» **Task goal**
Give back an exact copy of the lines in the records below, from the line that has "Клематис посадка и" through the line that has "Электрическая кофемолка KA-3002", and nothing besides.
══ Data to use
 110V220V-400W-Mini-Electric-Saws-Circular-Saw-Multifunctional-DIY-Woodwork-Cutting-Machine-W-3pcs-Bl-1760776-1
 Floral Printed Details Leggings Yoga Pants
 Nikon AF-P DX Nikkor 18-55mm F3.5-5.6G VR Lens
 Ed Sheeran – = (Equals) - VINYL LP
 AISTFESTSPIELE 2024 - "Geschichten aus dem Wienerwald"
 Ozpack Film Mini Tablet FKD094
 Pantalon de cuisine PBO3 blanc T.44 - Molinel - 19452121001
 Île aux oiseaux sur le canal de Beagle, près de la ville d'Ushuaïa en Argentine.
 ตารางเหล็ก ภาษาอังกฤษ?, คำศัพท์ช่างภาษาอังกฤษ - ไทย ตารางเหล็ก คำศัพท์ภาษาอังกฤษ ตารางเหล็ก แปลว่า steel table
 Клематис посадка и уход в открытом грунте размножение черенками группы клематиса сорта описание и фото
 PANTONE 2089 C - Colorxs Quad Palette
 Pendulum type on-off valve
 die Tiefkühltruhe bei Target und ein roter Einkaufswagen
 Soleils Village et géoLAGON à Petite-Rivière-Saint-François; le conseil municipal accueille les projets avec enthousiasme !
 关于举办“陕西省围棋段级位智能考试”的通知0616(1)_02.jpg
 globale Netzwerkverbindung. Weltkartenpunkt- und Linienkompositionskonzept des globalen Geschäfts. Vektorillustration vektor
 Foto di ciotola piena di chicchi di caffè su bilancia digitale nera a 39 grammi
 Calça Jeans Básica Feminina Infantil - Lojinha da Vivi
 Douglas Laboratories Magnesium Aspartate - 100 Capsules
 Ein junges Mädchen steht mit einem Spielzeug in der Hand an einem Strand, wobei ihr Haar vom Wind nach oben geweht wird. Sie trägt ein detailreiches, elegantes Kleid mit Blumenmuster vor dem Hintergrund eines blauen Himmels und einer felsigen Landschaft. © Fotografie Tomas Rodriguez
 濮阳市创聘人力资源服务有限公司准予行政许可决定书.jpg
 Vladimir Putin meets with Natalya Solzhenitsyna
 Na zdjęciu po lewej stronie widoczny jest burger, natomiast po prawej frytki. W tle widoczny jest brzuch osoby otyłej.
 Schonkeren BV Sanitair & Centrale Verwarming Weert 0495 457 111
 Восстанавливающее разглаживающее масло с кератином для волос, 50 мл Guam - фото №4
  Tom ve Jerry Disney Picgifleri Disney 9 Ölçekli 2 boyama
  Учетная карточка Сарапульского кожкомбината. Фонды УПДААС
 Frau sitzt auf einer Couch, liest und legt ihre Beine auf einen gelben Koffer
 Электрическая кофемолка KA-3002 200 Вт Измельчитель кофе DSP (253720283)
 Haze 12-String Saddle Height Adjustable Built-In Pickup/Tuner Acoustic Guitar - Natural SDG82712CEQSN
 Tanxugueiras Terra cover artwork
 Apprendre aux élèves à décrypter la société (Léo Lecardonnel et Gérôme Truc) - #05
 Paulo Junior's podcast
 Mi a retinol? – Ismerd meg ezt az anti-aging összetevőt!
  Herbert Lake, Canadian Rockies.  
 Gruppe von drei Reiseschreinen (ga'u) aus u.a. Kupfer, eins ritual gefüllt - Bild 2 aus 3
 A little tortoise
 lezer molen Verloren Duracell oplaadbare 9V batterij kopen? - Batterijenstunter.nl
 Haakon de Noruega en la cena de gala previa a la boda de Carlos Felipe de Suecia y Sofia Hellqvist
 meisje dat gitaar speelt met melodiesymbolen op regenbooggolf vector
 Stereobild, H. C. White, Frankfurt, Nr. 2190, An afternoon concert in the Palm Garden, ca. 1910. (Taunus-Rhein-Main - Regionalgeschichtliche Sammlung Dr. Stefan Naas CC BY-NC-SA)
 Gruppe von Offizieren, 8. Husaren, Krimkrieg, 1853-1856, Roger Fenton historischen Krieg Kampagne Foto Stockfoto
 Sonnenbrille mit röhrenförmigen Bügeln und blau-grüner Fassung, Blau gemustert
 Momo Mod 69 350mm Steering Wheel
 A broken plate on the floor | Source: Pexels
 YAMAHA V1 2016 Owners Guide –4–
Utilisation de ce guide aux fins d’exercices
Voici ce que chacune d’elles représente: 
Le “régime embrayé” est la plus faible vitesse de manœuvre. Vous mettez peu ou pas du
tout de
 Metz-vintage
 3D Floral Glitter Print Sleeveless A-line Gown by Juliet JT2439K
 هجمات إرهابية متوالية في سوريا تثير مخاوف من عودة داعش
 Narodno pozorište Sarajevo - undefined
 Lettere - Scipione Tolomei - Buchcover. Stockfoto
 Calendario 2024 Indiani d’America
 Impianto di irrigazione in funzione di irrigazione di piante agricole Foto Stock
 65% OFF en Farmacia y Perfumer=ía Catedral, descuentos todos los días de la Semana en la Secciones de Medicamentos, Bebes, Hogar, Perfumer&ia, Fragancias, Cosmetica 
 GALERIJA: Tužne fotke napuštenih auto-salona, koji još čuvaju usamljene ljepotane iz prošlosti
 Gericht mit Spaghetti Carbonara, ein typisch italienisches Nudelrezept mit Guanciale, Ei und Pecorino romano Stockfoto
════
» **Solution for this exercise**
 Клематис посадка и уход в открытом грунте размножение черенками группы клематиса сорта описание и фото
 PANTONE 2089 C - Colorxs Quad Palette
 Pendulum type on-off valve
 die Tiefkühltruhe bei Target und ein roter Einkaufswagen
 Soleils Village et géoLAGON à Petite-Rivière-Saint-François; le conseil municipal accueille les projets avec enthousiasme !
 关于举办“陕西省围棋段级位智能考试”的通知0616(1)_02.jpg
 globale Netzwerkverbindung. Weltkartenpunkt- und Linienkompositionskonzept des globalen Geschäfts. Vektorillustration vektor
 Foto di ciotola piena di chicchi di caffè su bilancia digitale nera a 39 grammi
 Calça Jeans Básica Feminina Infantil - Lojinha da Vivi
 Douglas Laboratories Magnesium Aspartate - 100 Capsules
 Ein junges Mädchen steht mit einem Spielzeug in der Hand an einem Strand, wobei ihr Haar vom Wind nach oben geweht wird. Sie trägt ein detailreiches, elegantes Kleid mit Blumenmuster vor dem Hintergrund eines blauen Himmels und einer felsigen Landschaft. © Fotografie Tomas Rodriguez
 濮阳市创聘人力资源服务有限公司准予行政许可决定书.jpg
 Vladimir Putin meets with Natalya Solzhenitsyna
 Na zdjęciu po lewej stronie widoczny jest burger, natomiast po prawej frytki. W tle widoczny jest brzuch osoby otyłej.
 Schonkeren BV Sanitair & Centrale Verwarming Weert 0495 457 111
 Восстанавливающее разглаживающее масло с кератином для волос, 50 мл Guam - фото №4
  Tom ve Jerry Disney Picgifleri Disney 9 Ölçekli 2 boyama
  Учетная карточка Сарапульского кожкомбината. Фонды УПДААС
 Frau sitzt auf einer Couch, liest und legt ihre Beine auf einen gelben Koffer
 Электрическая кофемолка KA-3002 200 Вт Измельчитель кофе DSP (253720283)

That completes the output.